Study reveals paradoxical effect of recession on emission reductions policy.

di Staff

By Joshua Massarenti

Brussels – The economic crisis may be having at least one positive effect.

According to a new study – presented by the European Commission on the environment by Connie Hedgaard – reducing carbon emissions by twenty percent by 2020 will cost EU members less than was previously forecasted by a study done in 2008.

Nevertheless, the number of member states who are ready to take on the ambitious goal to reduce emissions by thirty percent over the next ten years is in decline.

Poor economic conditions are being blamed for this decline.
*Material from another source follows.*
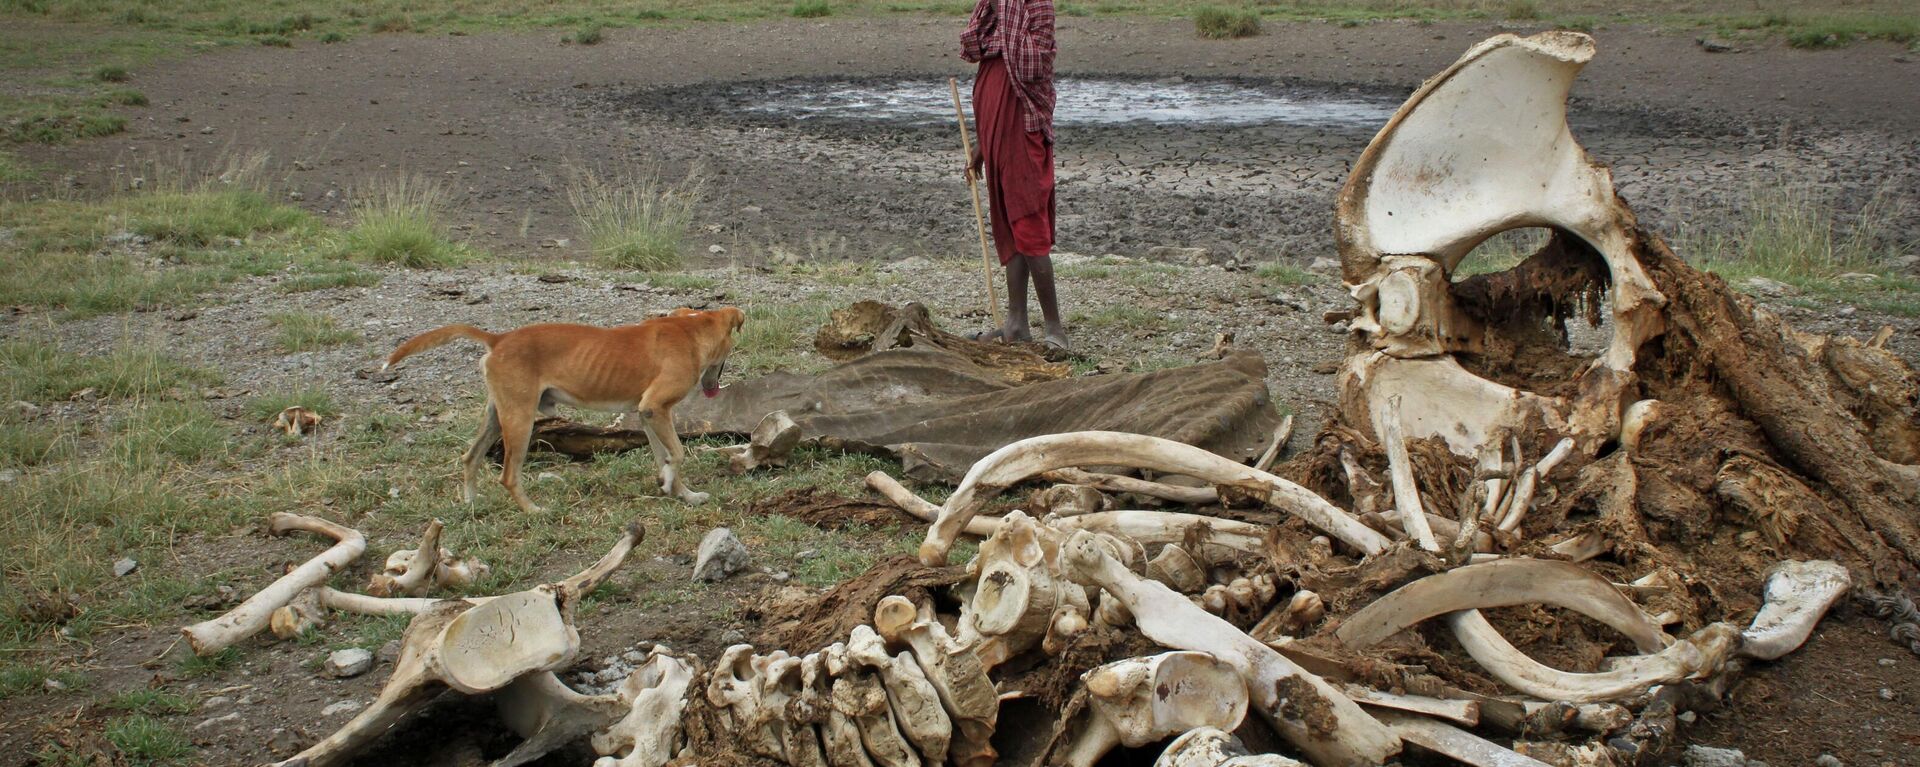 FILE - In this Wednesday, Feb. 13, 2013 file photo, a Maasai boy and his dog stand near the skeleton of an elephant killed by poachers outside of Arusha, Tanzania. Investigators who collected DNA from the tusks of slain elephants and painstakingly looked for matches in the vast African continent have identified two large areas where the slaughter has been occurring on an industrial scale, Tanzania in the east and a cross-border region encompassing several nations in the central-western part of Africa, according to a study published on Thursday, June 18, 2015. (AP Photo/Jason Straziuso, File) - Sputnik International, 1920, 17.09.2022
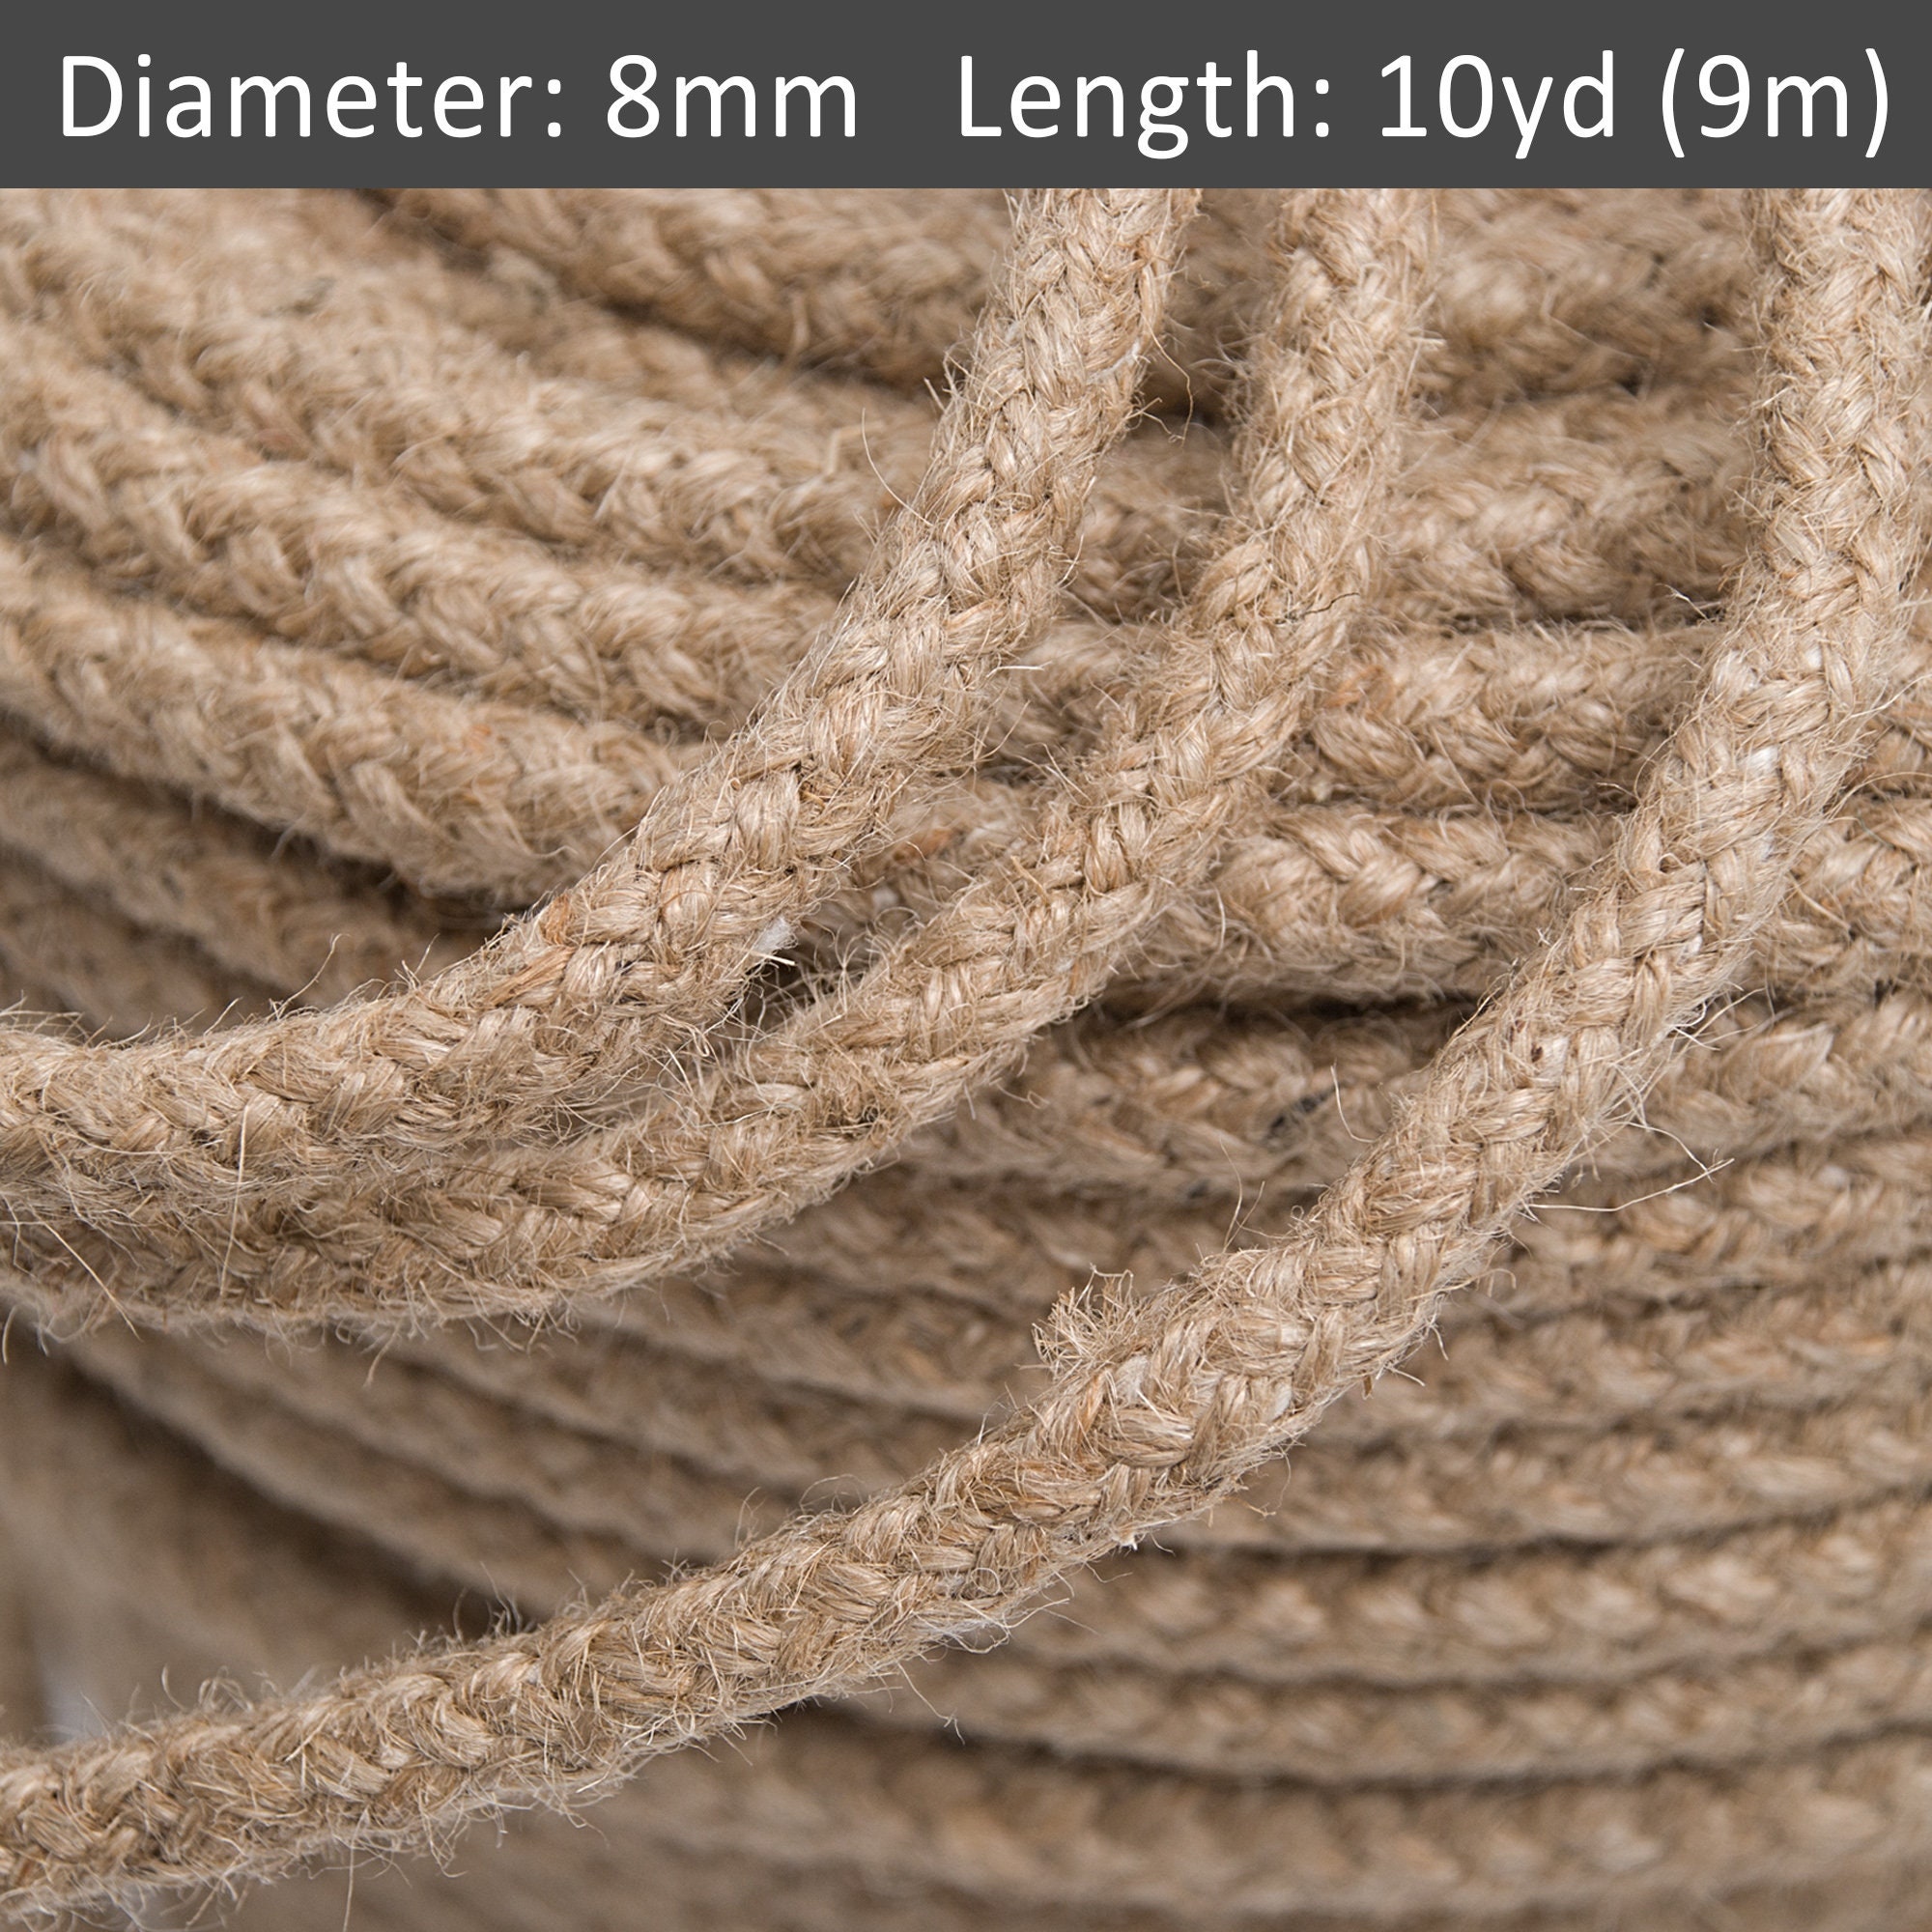 Linen Jute Twine Eco-Friendly Strong Natural Jute String Rope 6mm x 20m  (1/4 Inch x 65 Feet)

For Hedegaard, “a move from a target reduction rate of twenty to thirty percent is a political choice that governments should make when the calendar and the conditions allow them to do so.”

A glance at the EU agenda would suggest that a common carbon emission policy should be adopted by November 2010, when world leaders will meet in Cancun for the World Summit on Climate.

The first stage of negotiations will happen on June 17 in Brussels at the next EU Summit, followed by another EU Summit in mid September.

But the march to Cancun is in danger of evolving into an obstacle course. If the Euro crisis continues, uniting countries around a thirty percent target could prove to be impossible.

Greenpeace refuses to give up on European unity.

Mark Breddy of Greenpeace told Vita that “the race is off. On one side there are the lobby groups who represent the steel industry and oil refineries. They are putting a huge amount of pressure on Brussels not to impose a thirty percent target on its member states. On the other side there is Europe’s civil society. They already have the support of the Scandinavian countries and the new British coalition government, both have made climate control a key pillar of their political agendas.”

Steel giants like Arcelor-Mittal and Lafarge will be able to take advantage of the unwillingness of certain countries like Germany and France – to a lesser extent – to sign on to such a high objective.

Yesterday the German Minister to the Economy, the liberal Rainer Bruderle, and the French Minister of Industry, Christian Estrosi, pulled the breaks on the commission’s emission reduction plans.

They spoke out against the idea of reducing emissions at any cost. The Angela Merkel government is feeling pressure from lobby groups that represent German industry. While President Sarkozy would be happy to take on the thirty percent target, but only if a tax was levied on EU imports associated with high pollution.

Then there is the problem of the United States and China, both are being called on to double their environmental programs.

Already faced with the ills caused by the crisis, the world’s most powerful nations are convinced that a policy agenda too keen on the environment would further devastate national industry (especially in those high polluting sectors).

This would lead to higher unemployment and social discontent, two things no government looks to bring upon itself.

“They couldn’t be more wrong,” argues Breddy. “Many studies show that environmentally friendly political policy actually creates jobs.”

Now he just needs to convince Paris and Berlin, the two governments who hold all the cards at the negotiation table in Brussels.

“It won’t be easy, but we can count on the two ministers of the environment in France and Germany who have committed to battle and convincing their more pro industry colleagues.”

In Breddy’s opinion ,industry has no reason to lament itself.

“We know that multinationals in the oil and steel sector have made billions in the carbon trading market, to be precise 14 billion Euros over three years. How? By receiving permission to emit CO2 for free. They use the credits and then pass the cost on to the consumers.”